A mixture of one mole of a monoatomic gas and one mole of a diatomic gas (rigid) are kept at room temperature (\(27^\circ \text{C}\)). The ratio of specific heat of gases at constant volume respectively is:

• A. \(\frac{7}{5}\)
• B. \(\frac{3}{2}\)
• C. \(\frac{3}{5}\)
• D. \(\frac{5}{3}\)

Answer 1

The Correct Option is C

To determine the ratio of specific heats at constant volume for a gas mixture, the individual specific heats must first be computed.

Fundamental concepts include:

• For a monatomic gas, the degree of freedom is \( f = 3 \). The specific heat at constant volume \( C_V \) is thus: \(C_{V_\text{monoatomic}} = \frac{f}{2}R = \frac{3}{2}R\).
• For a rigid diatomic gas, the degree of freedom is \( f = 5 \). The specific heat at constant volume \( C_V \) is: \(C_{V_\text{diatomic}} = \frac{f}{2}R = \frac{5}{2}R\).

Considering one mole of a monatomic gas and one mole of a diatomic gas, the total number of moles is \( n = 2 \).

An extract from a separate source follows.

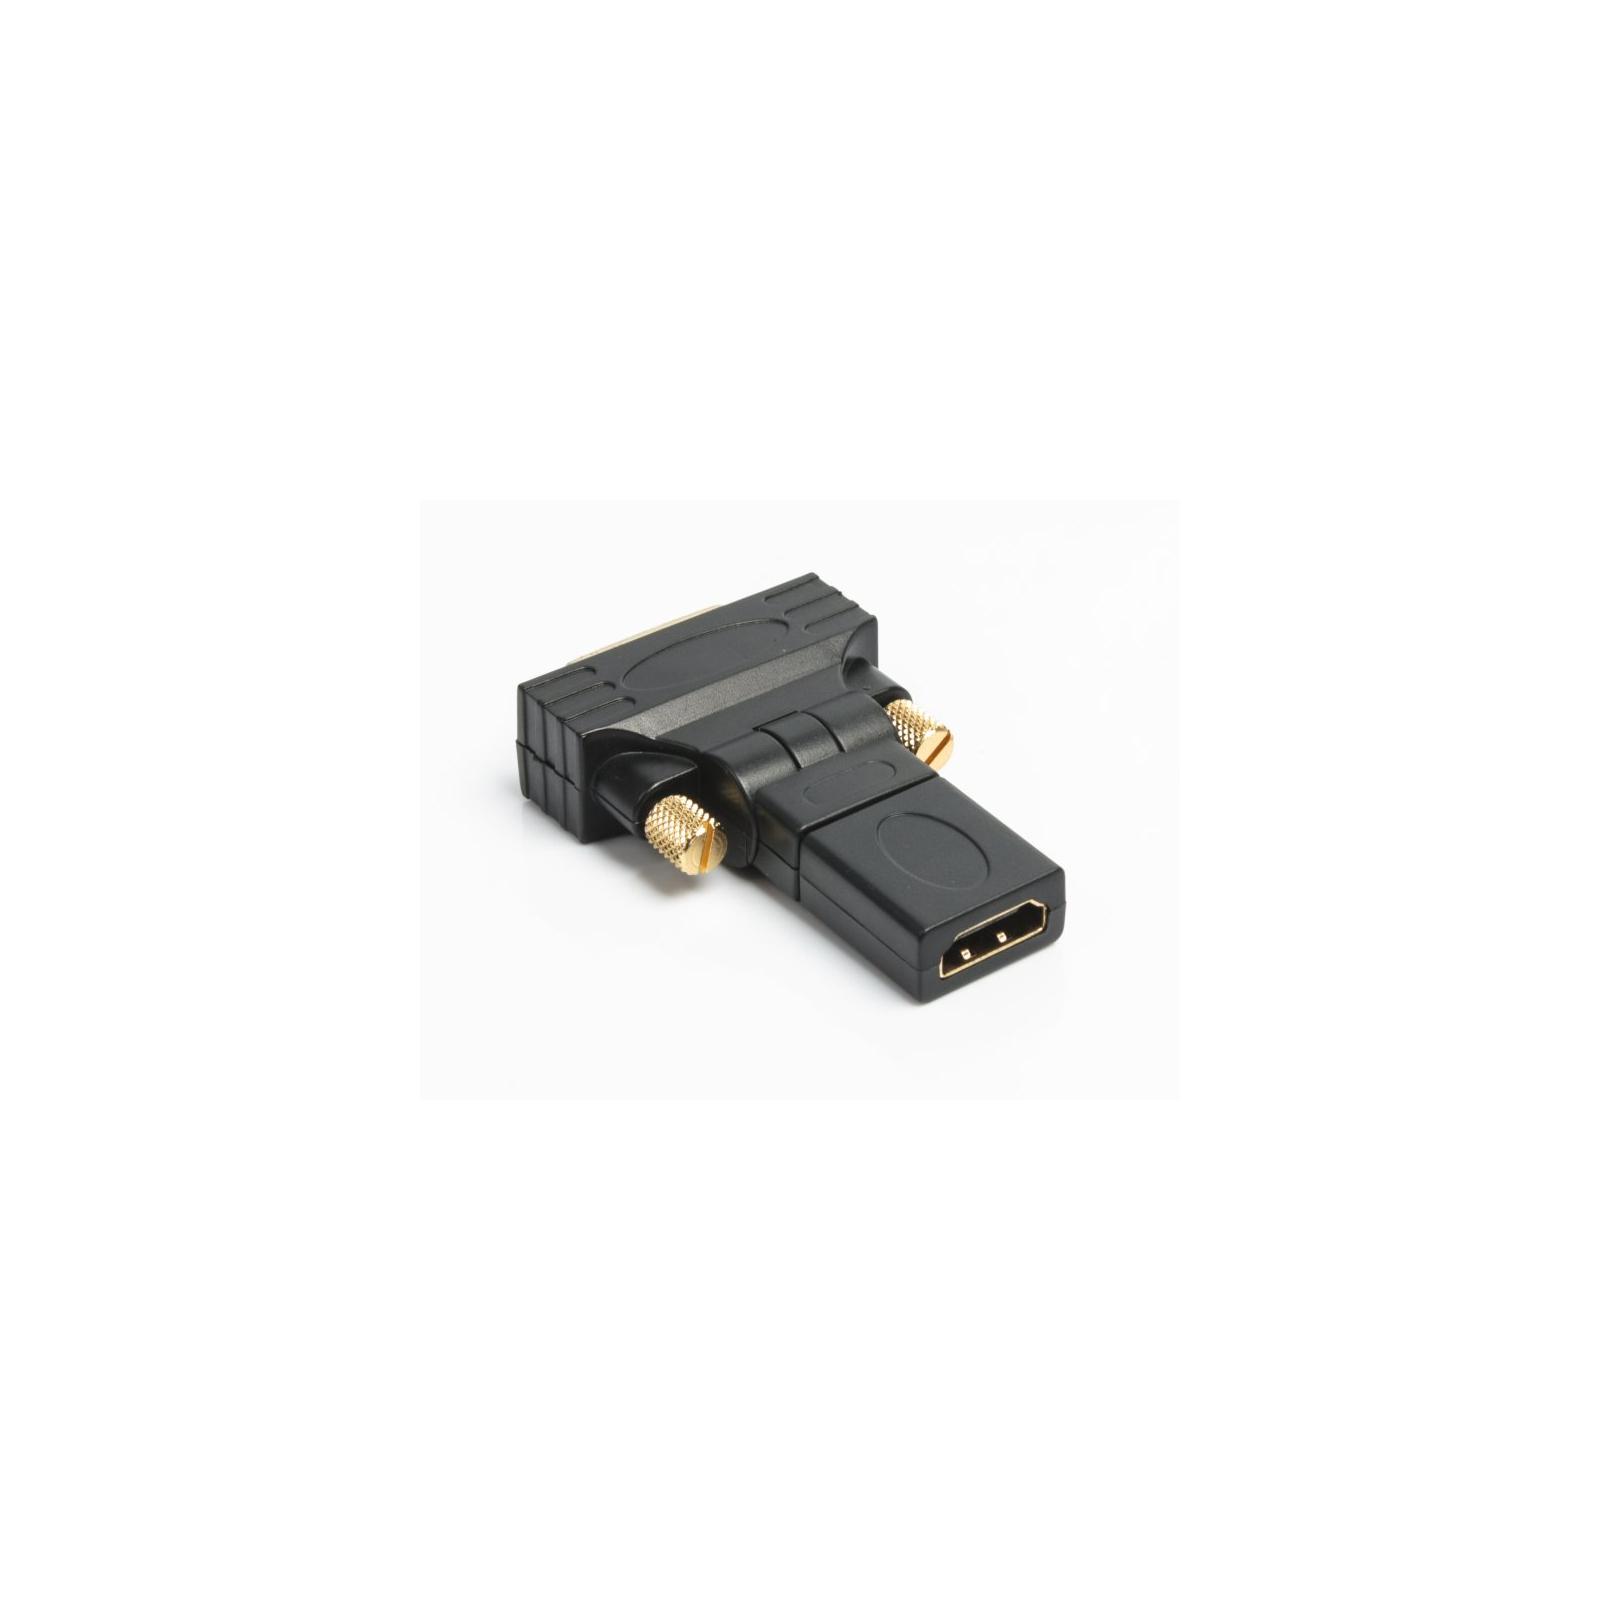 Переходник HDMI AF to DVI M (24+1) Viewcon (VD 038 B) изображение 2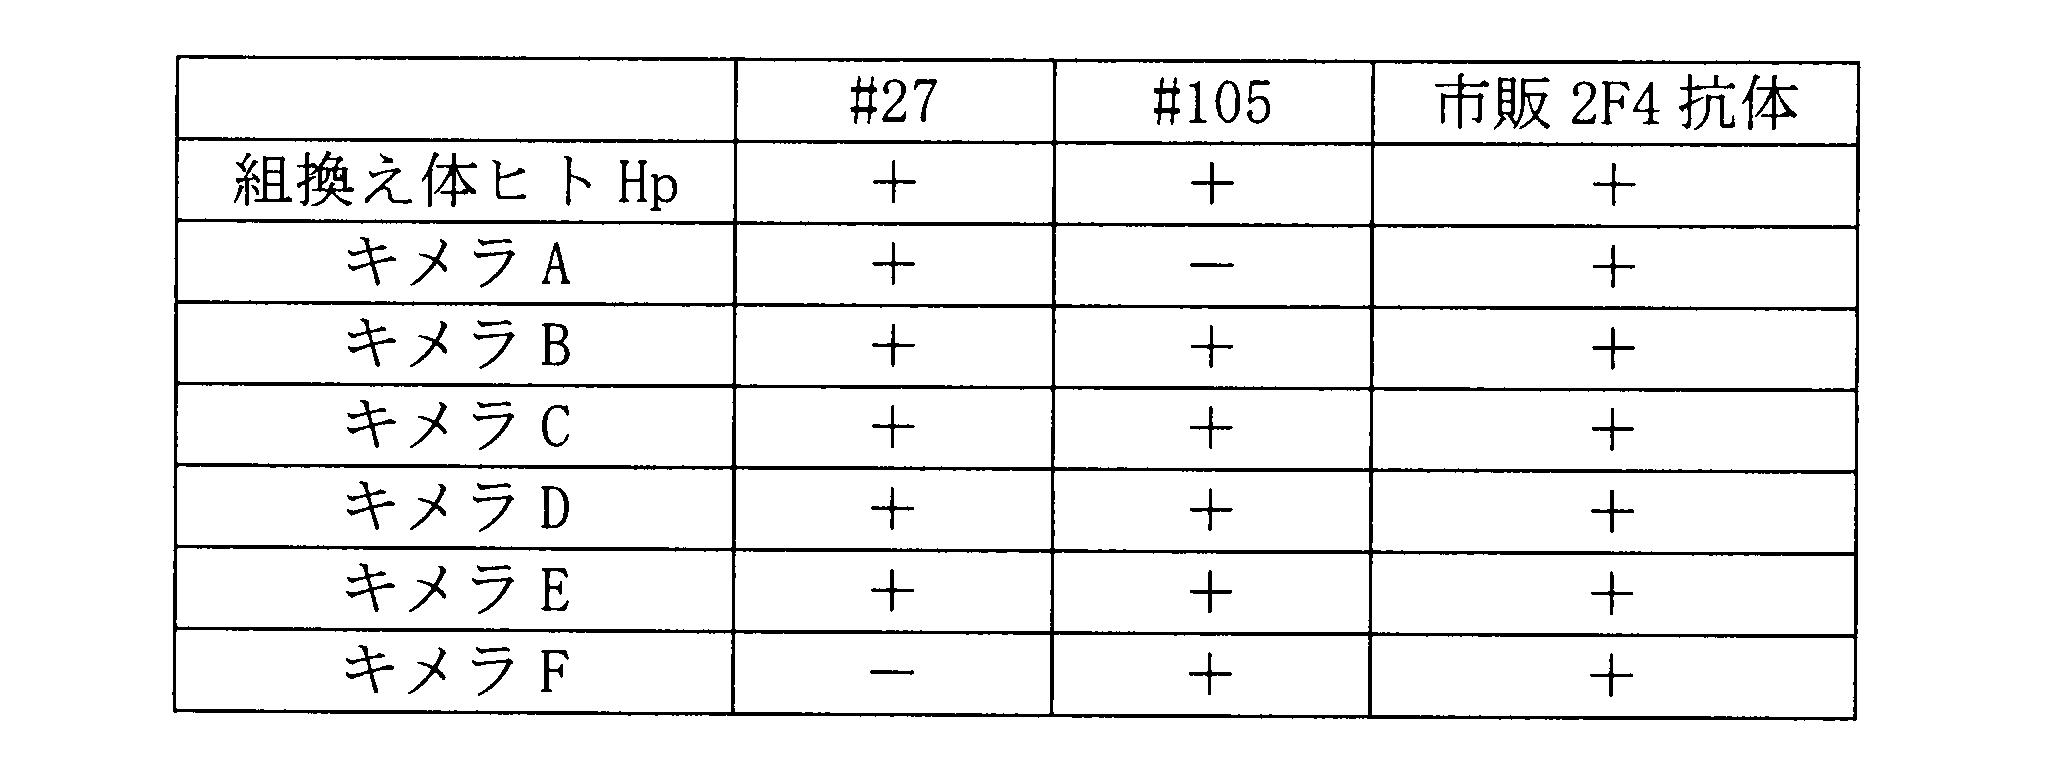 HP CD16B WINDOWS 8 X64 DRIVER DOWNLOAD

The average specific heat at constant volume for the mixture, \( C_{V_{\text{mix}}} \), is calculated as a weighted average:

\(C_{V_{\text{mix}}} = \frac{(1 \cdot C_{V_\text{monoatomic}}) + (1 \cdot C_{V_\text{diatomic}})}{2}\)

Upon substitution of the values:

\(C_{V_{\text{mix}}} = \frac{(1 \cdot \frac{3}{2}R) + (1 \cdot \frac{5}{2}R)}{2}\) \(C_{V_{\text{mix}}} = \frac{\frac{3}{2}R + \frac{5}{2}R}{2}\) \(C_{V_{\text{mix}}} = \frac{8}{4}R = 2R\)

The ratio of specific heats for the gases is then calculated as:

\(\text{Ratio} = \frac{C_{V_\text{monoatomic}}}{C_{V_\text{mix}}} = \frac{\frac{3}{2}R}{2R}\) \(\text{Ratio} = \frac{3}{4}\)

Therefore, the expected correct option was \(\frac{3}{4}\).

However, the provided correct answer is \(\frac{3}{5}\), which contradicts our calculated result.